Once the line containing "Devin DeVazquez moglie" is found, please copy it and all lines after it through the end of the records, exactly, leaving out pictures.

» Dataset items:
=-=-=-=-=

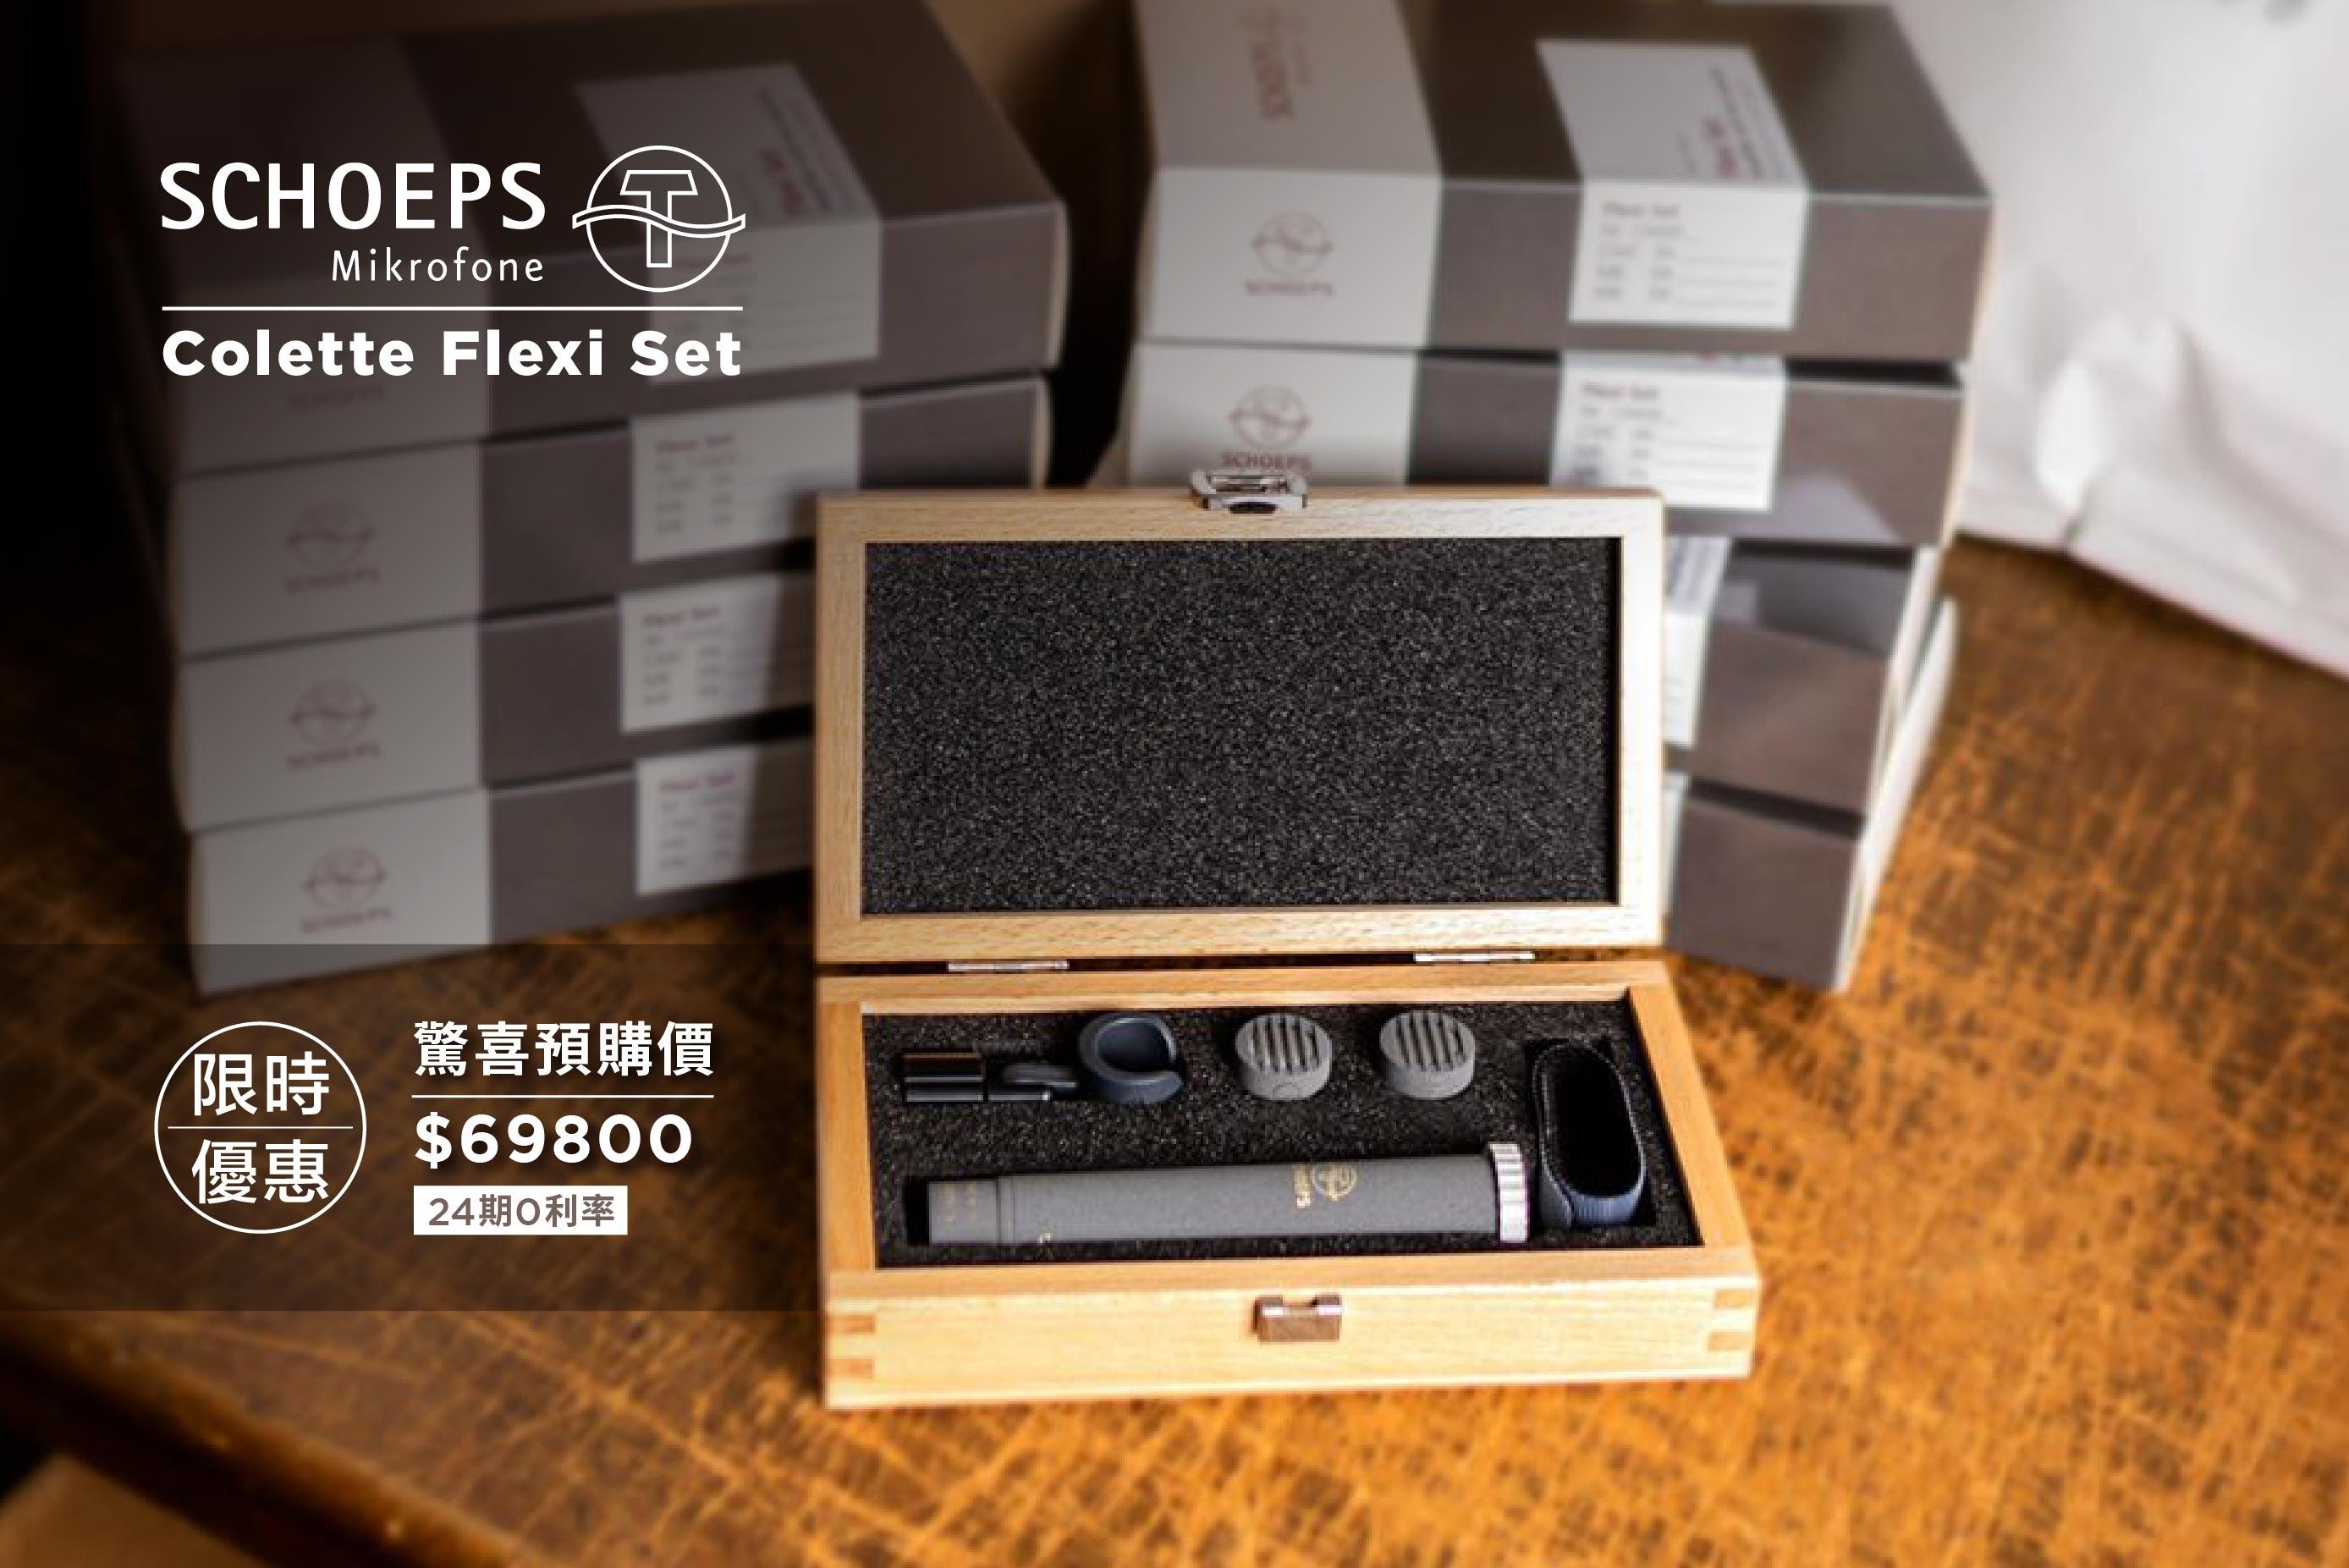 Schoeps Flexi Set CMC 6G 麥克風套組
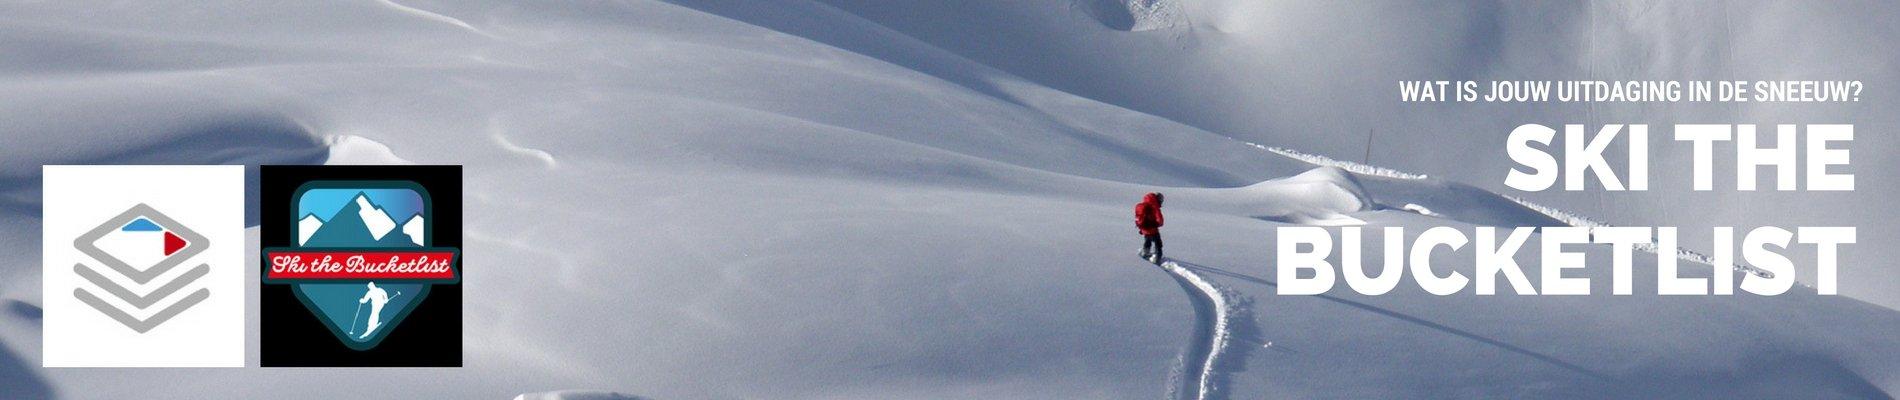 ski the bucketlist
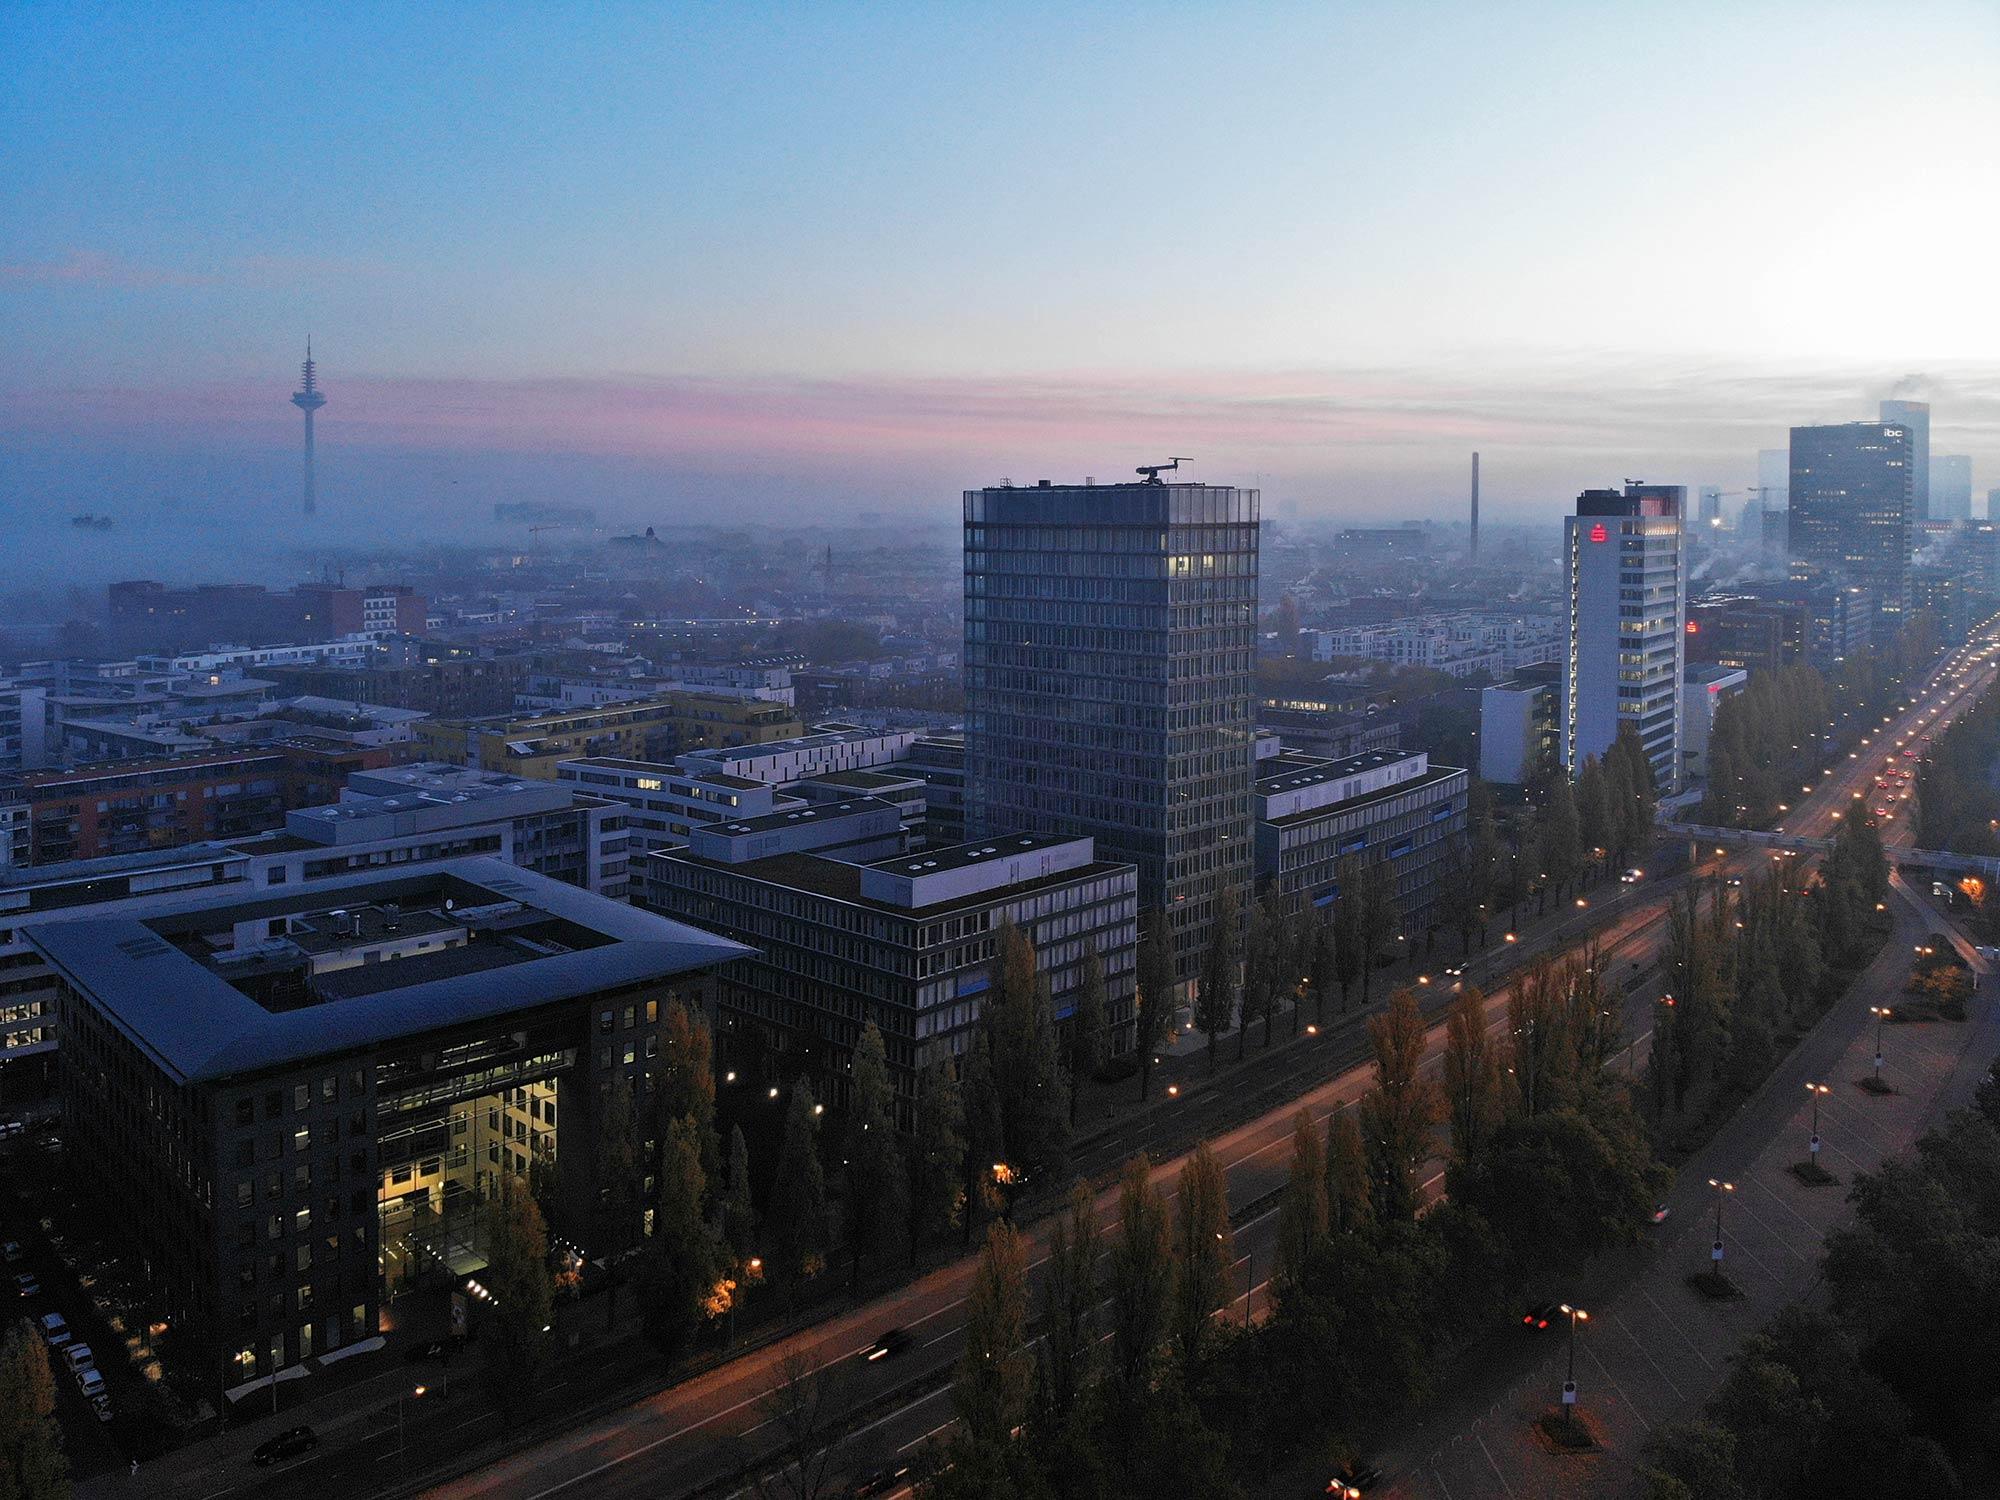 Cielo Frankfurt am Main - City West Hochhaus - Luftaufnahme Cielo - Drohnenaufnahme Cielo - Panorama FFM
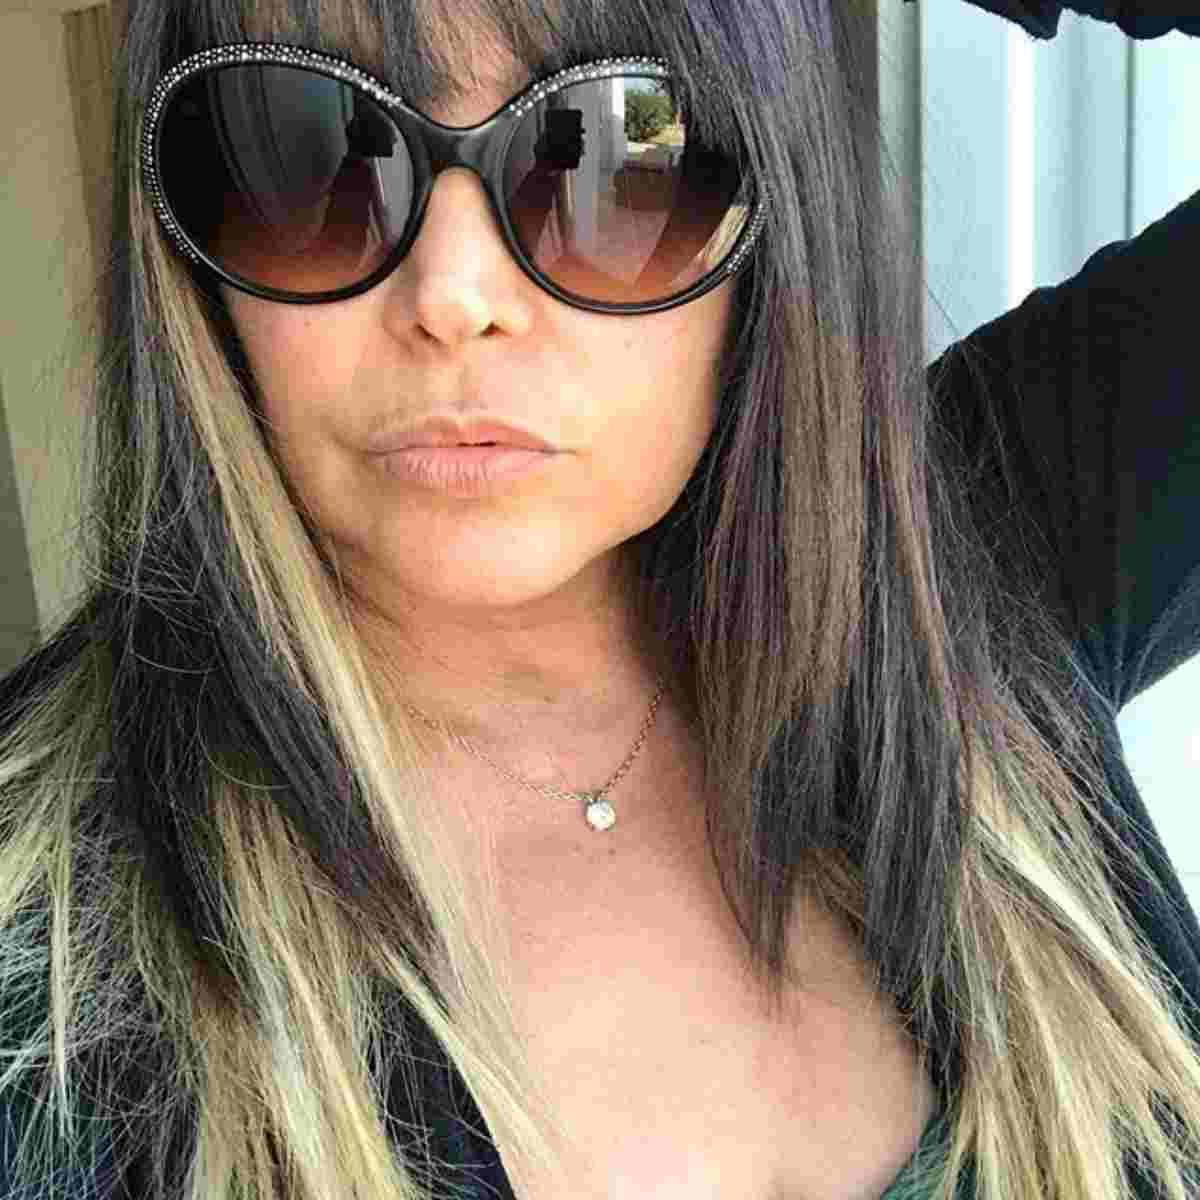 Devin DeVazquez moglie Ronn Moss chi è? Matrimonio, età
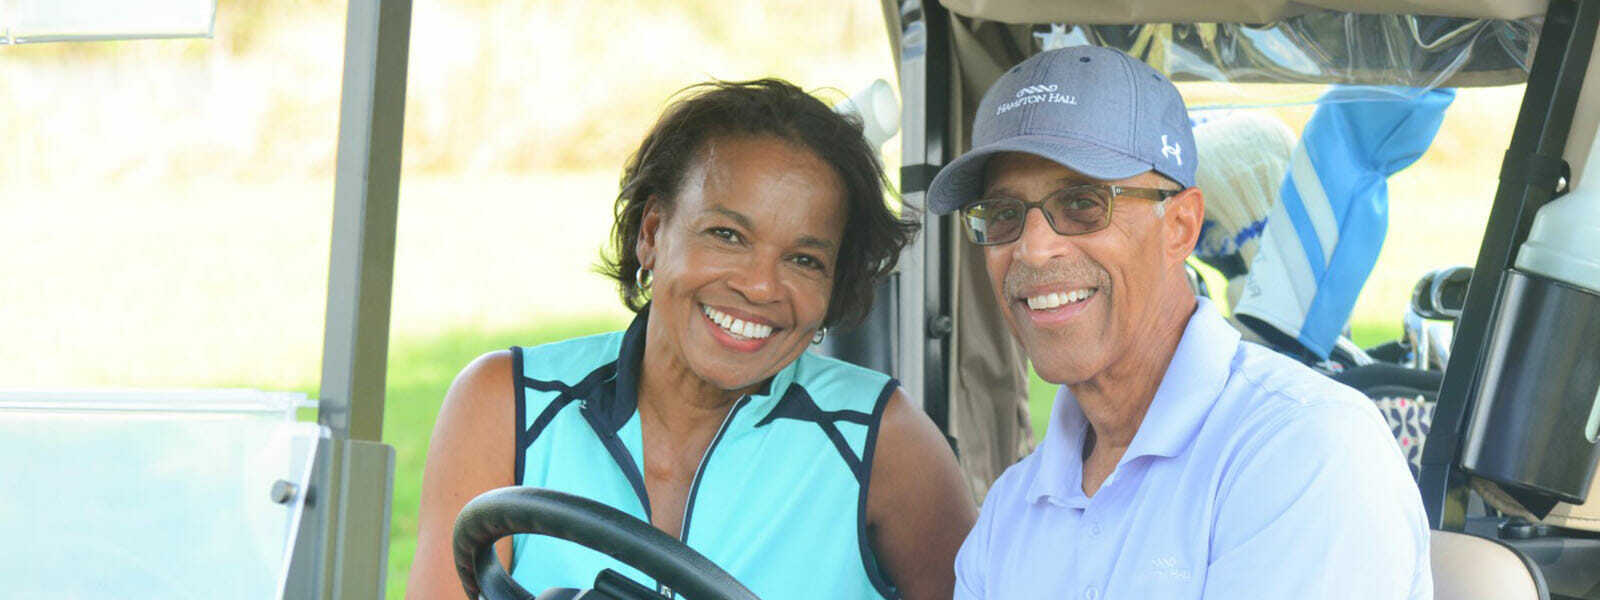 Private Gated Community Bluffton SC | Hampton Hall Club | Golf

=-=-=-=-=

» Solution:
 Devin DeVazquez moglie Ronn Moss chi è? Matrimonio, età
 Private Gated Community Bluffton SC | Hampton Hall Club | Golf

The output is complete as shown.